++++ Supplied records

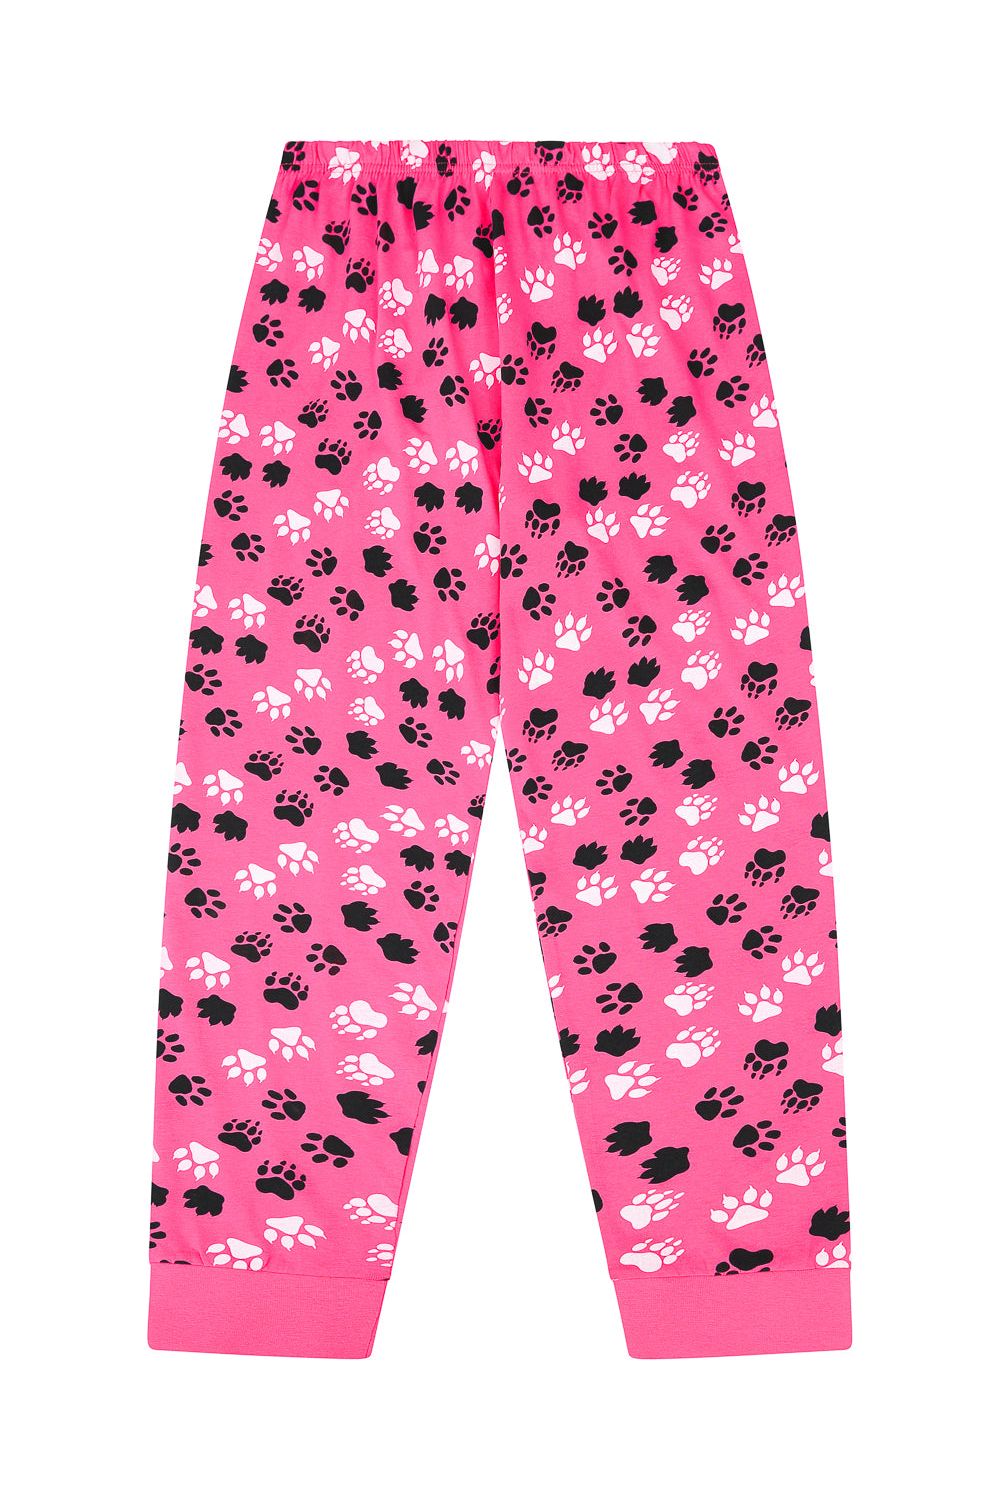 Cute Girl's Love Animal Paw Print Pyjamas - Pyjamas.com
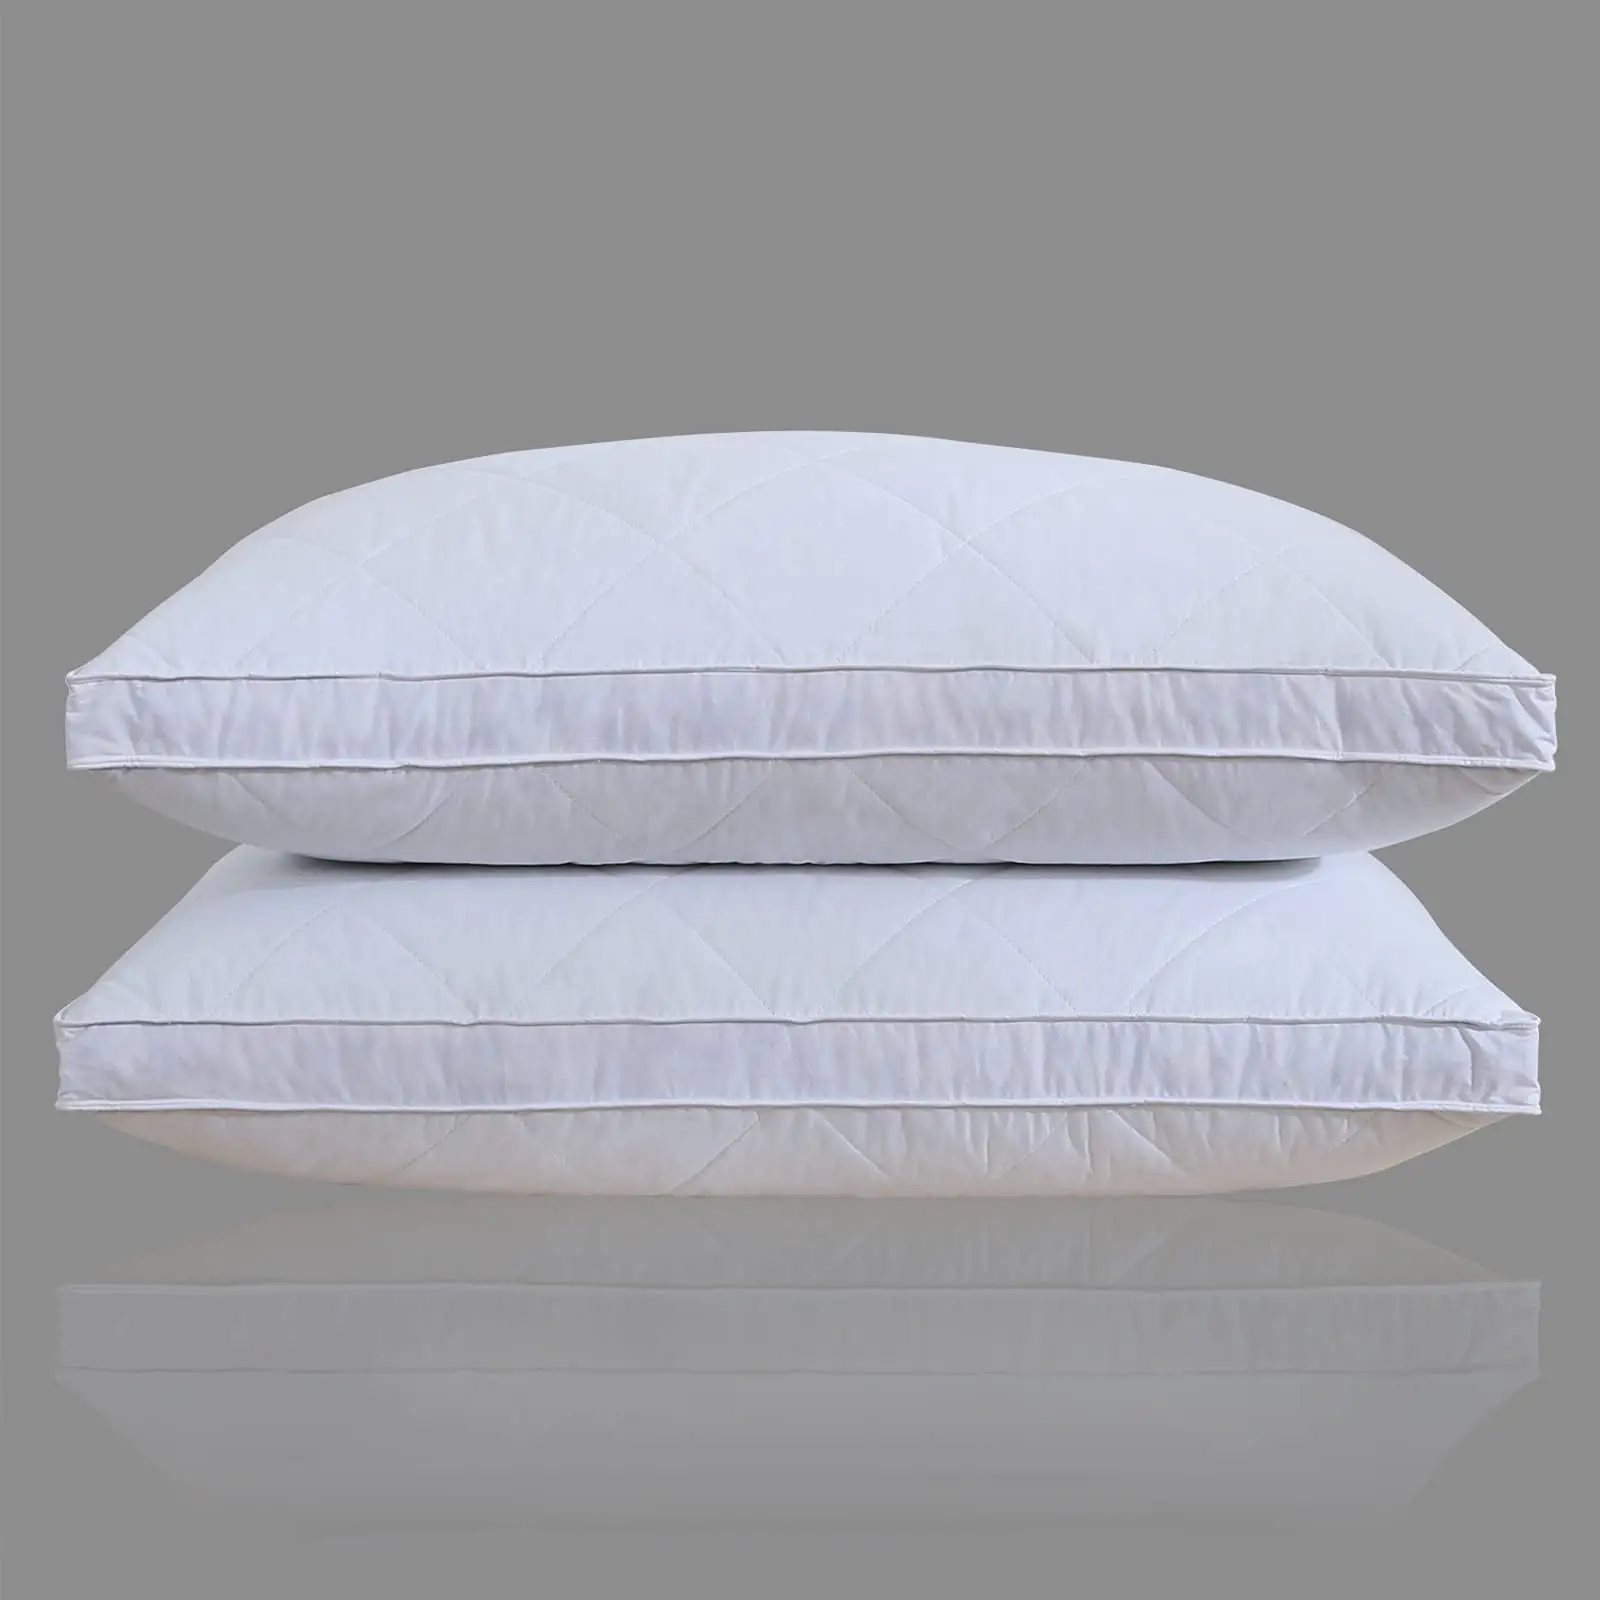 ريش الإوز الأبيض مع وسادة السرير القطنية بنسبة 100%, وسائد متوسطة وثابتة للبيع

++++++++
++++ Supplied records

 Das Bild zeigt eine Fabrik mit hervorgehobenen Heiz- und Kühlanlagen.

++++++++

• **What to do**: Print from the line containing "Cute Girl's Love" through the line containing "ريش الإوز الأبيض" in the data above, exactly as the lines stand, and omit every picture.

• **Exercise output**:
 Cute Girl's Love Animal Paw Print Pyjamas - Pyjamas.com
 ريش الإوز الأبيض مع وسادة السرير القطنية بنسبة 100%, وسائد متوسطة وثابتة للبيع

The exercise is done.